*TASK PROMPT:* Set every entry down again exactly, excluding any pictures.

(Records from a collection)
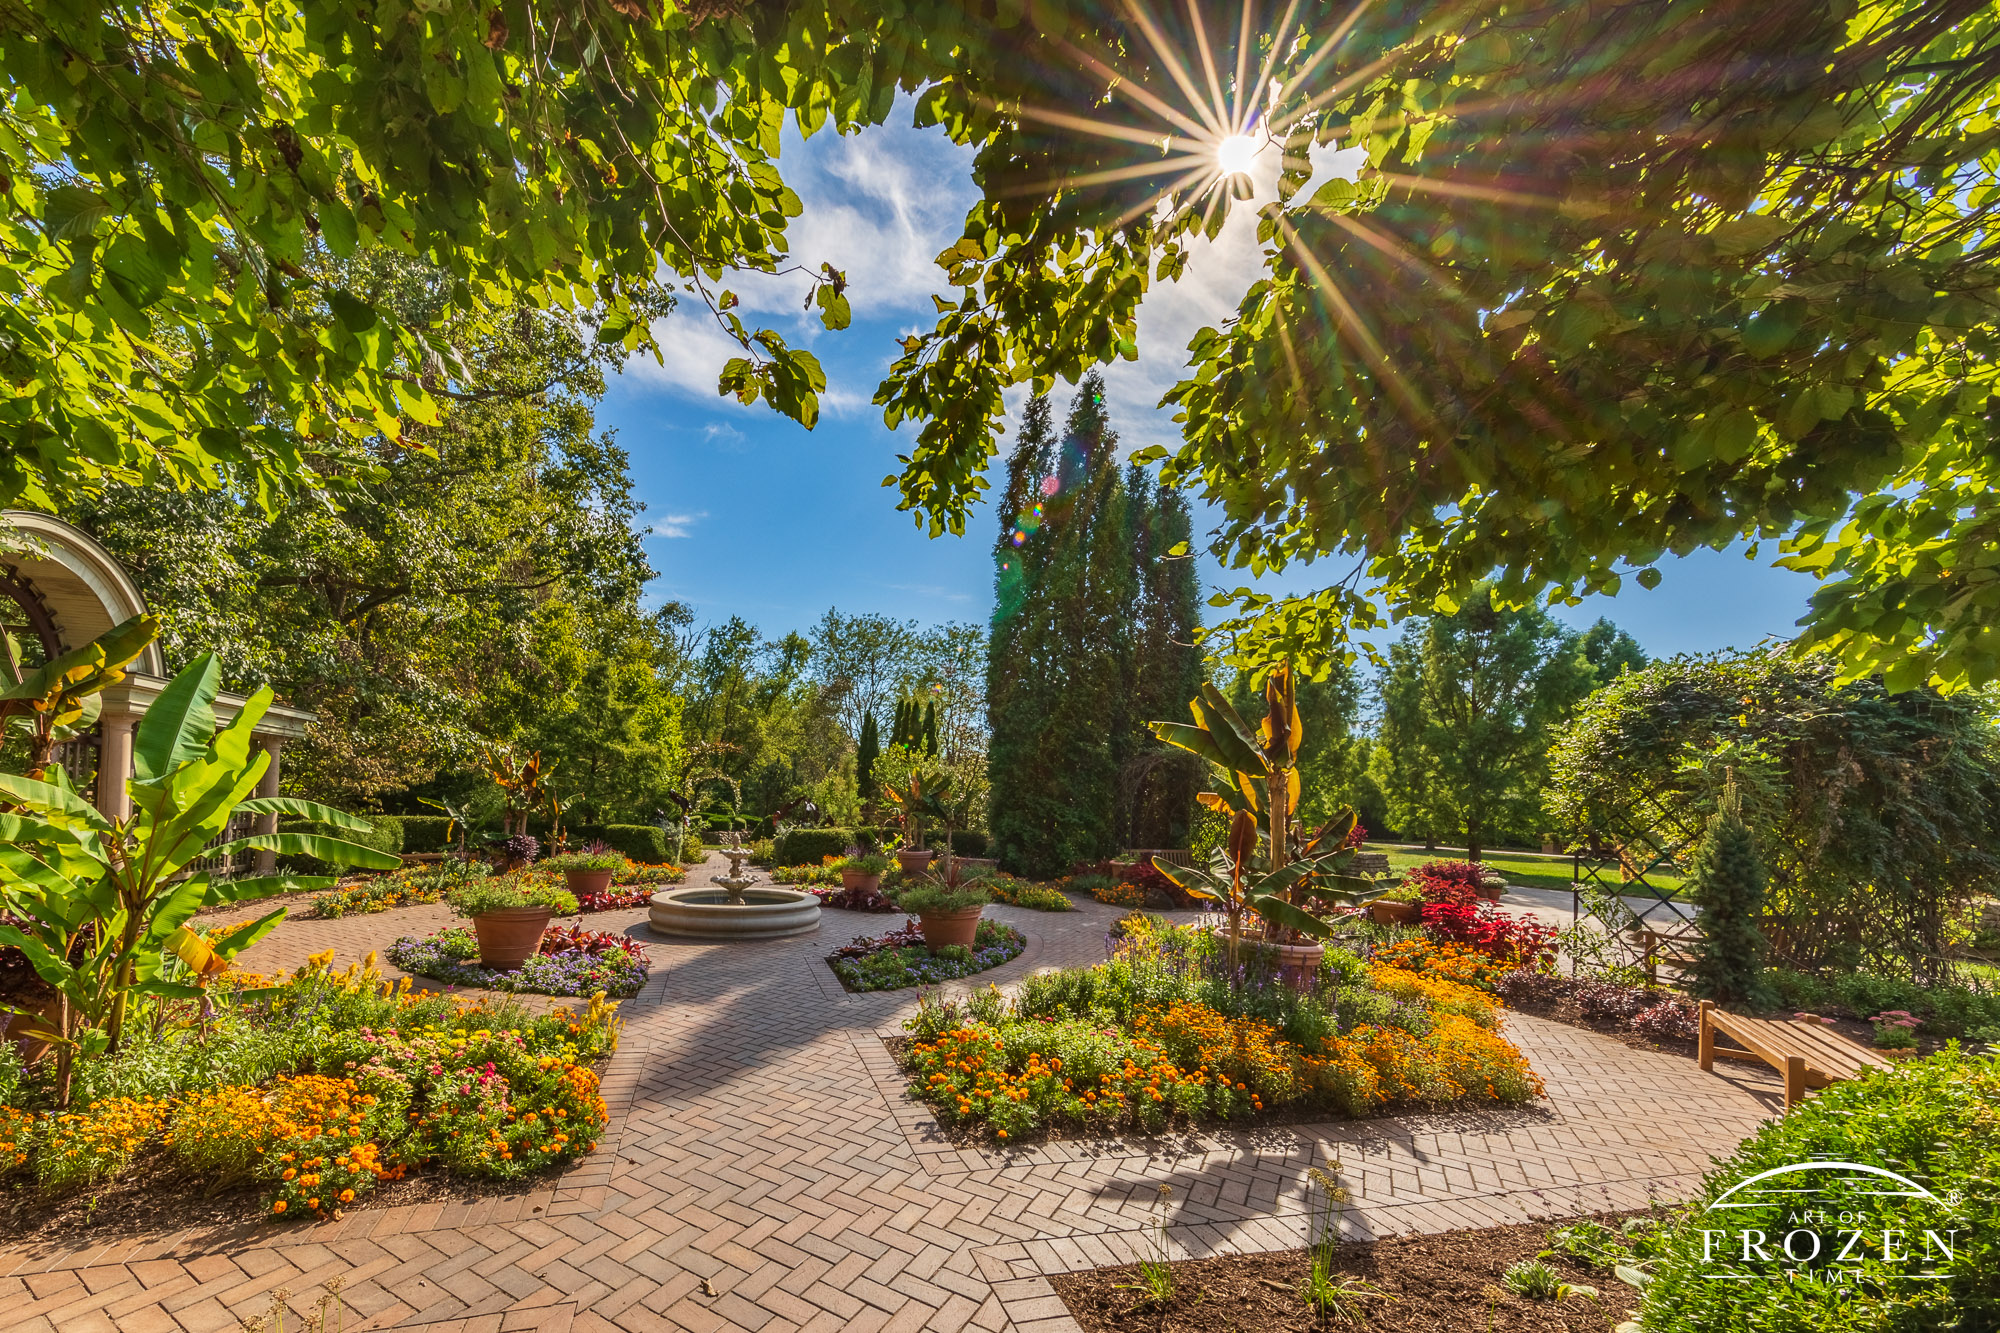 A view of a curved walkway under the Arbor Garden at Wegerzyn Gardens MetroPark where the sun sidelights the path and flower beds.
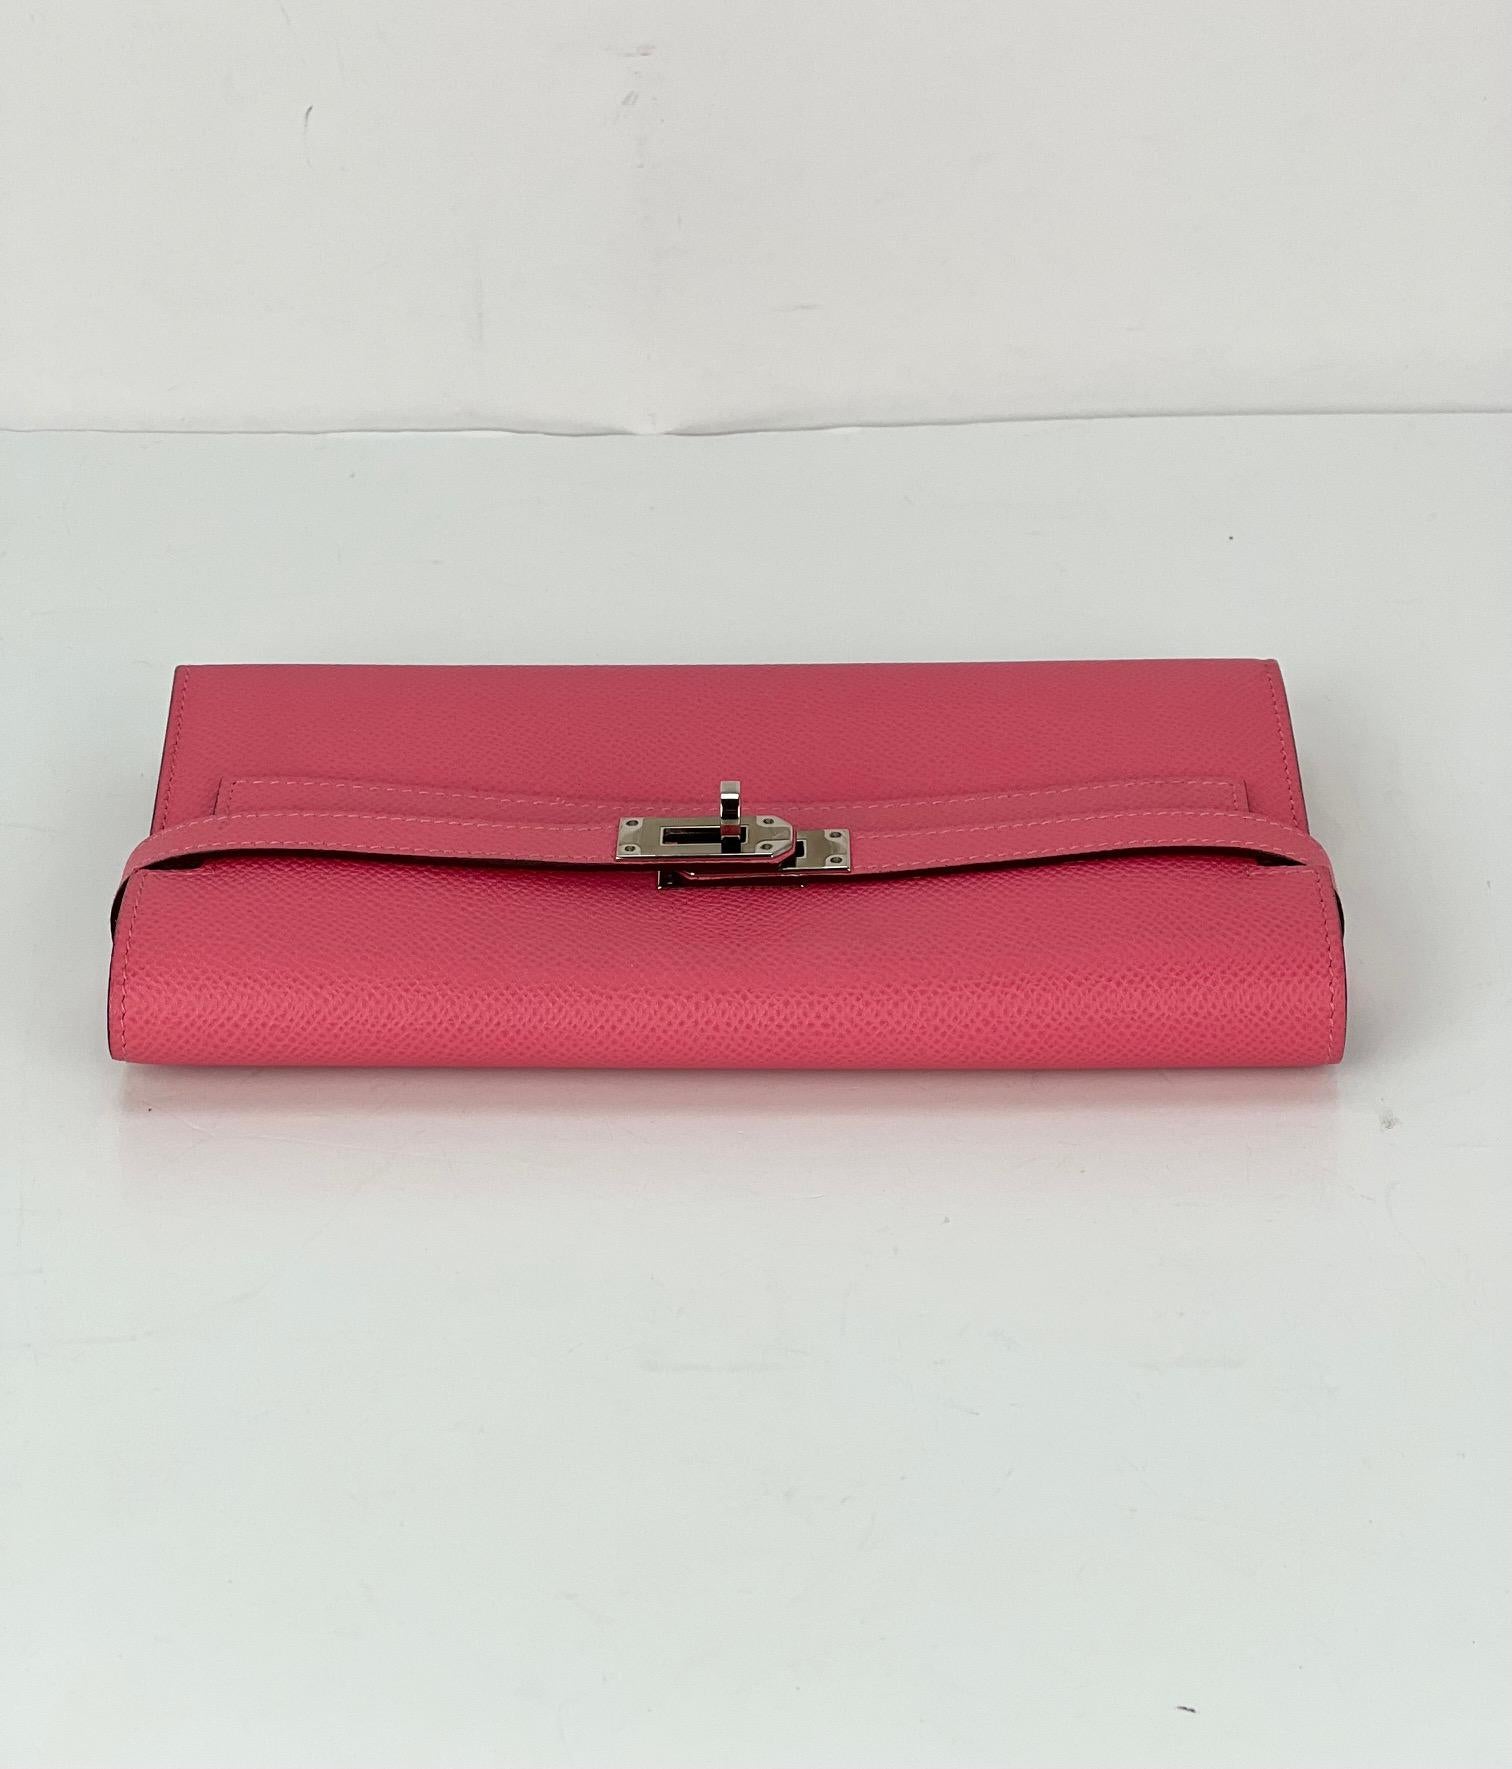 Pre-Owned  100% Authentic
HERMES Epsom Kelly Longue Rose Azalee Wallet  
RATING: A/B...Very Good, well maintained, 
shows minor signs of wear
MATERIAL: textured calfskin leather
COLOR: rose azalee, pink  
EXTERIOR: on front of right strap has a tiny
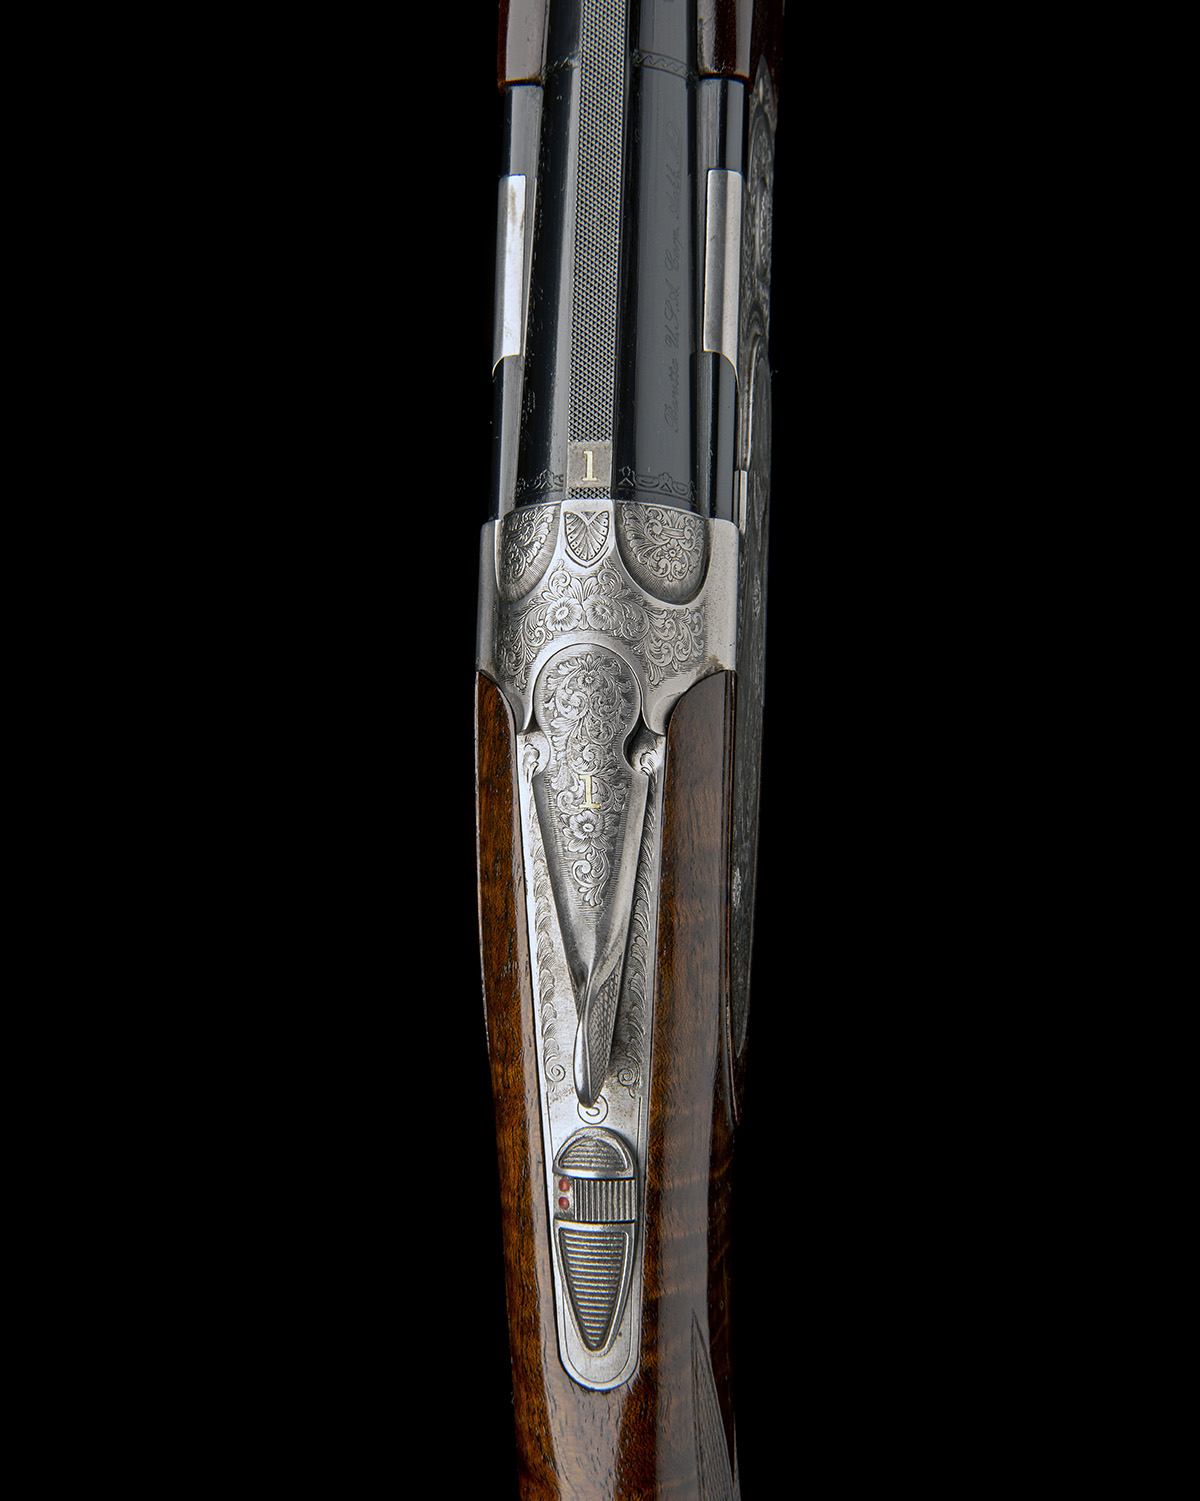 P. BERETTA A 20-BORE (3IN.) 'S687 EELL DIAMOND PIGEON' SIDEPLATED SINGLE-TRIGGER OVER AND UNDER - Image 6 of 7
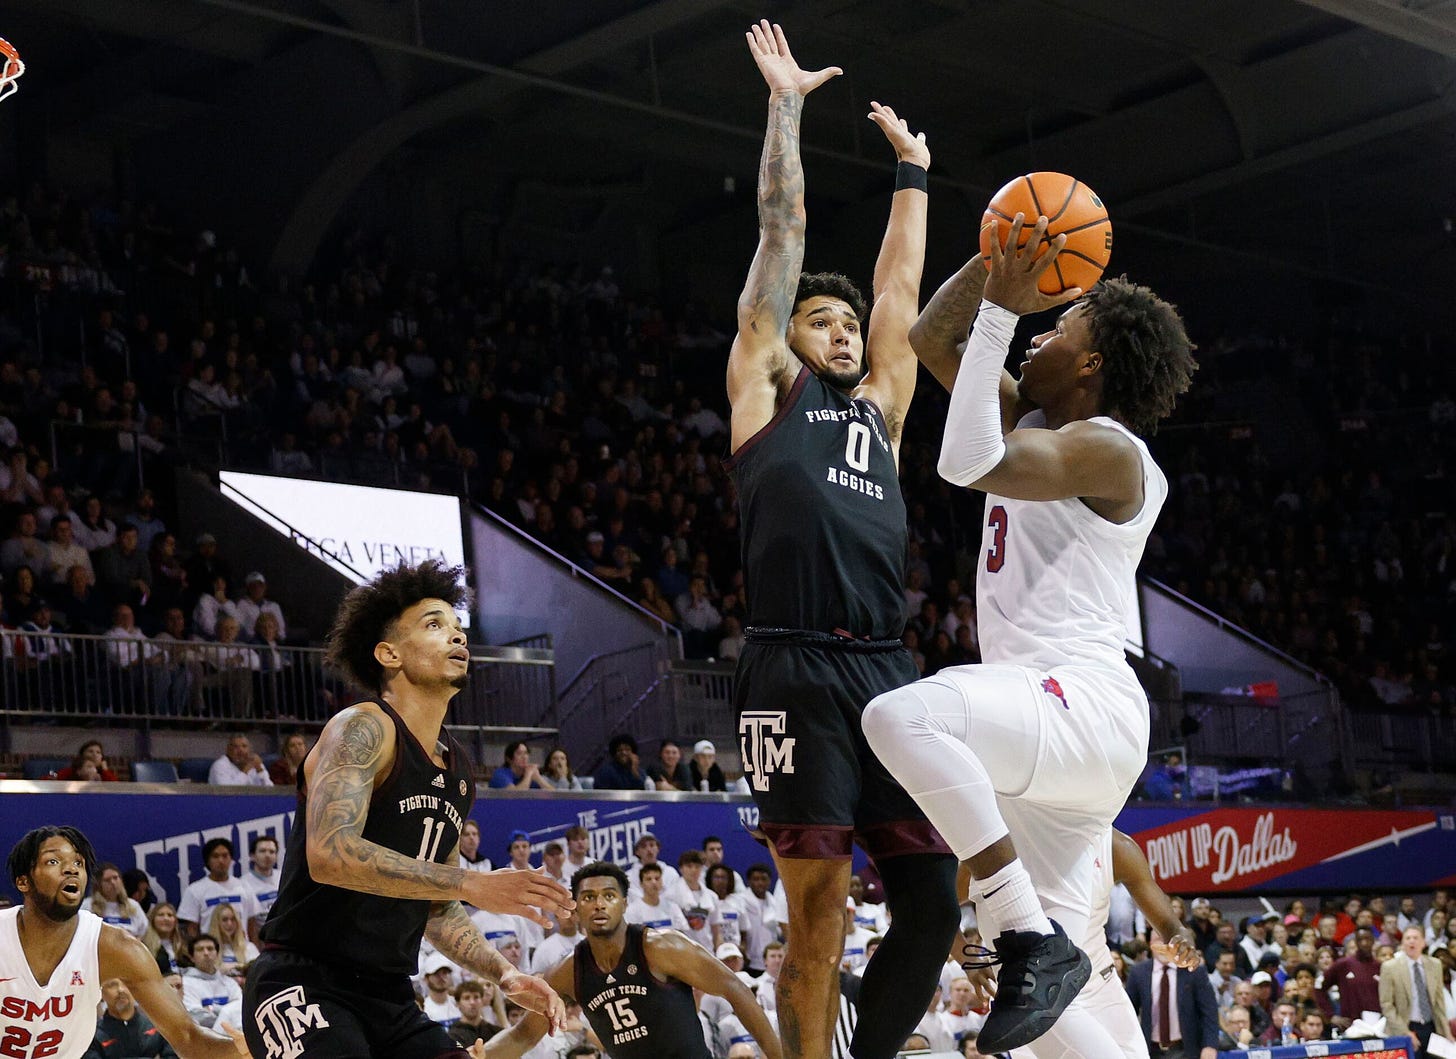 Photos: No. 13 Texas A&M comes out on top in 'tough-nosed' showdown with SMU

*WRITTEN SOLUTION:*
 A view of a curved walkway under the Arbor Garden at Wegerzyn Gardens MetroPark where the sun sidelights the path and flower beds.
 Pre-Owned  100% Authentic
HERMES Epsom Kelly Longue Rose Azalee Wallet  
RATING: A/B...Very Good, well maintained, 
shows minor signs of wear
MATERIAL: textured calfskin leather
COLOR: rose azalee, pink  
EXTERIOR: on front of right strap has a tiny
 P. BERETTA A 20-BORE (3IN.) 'S687 EELL DIAMOND PIGEON' SIDEPLATED SINGLE-TRIGGER OVER AND UNDER - Image 6 of 7
 Photos: No. 13 Texas A&M comes out on top in 'tough-nosed' showdown with SMU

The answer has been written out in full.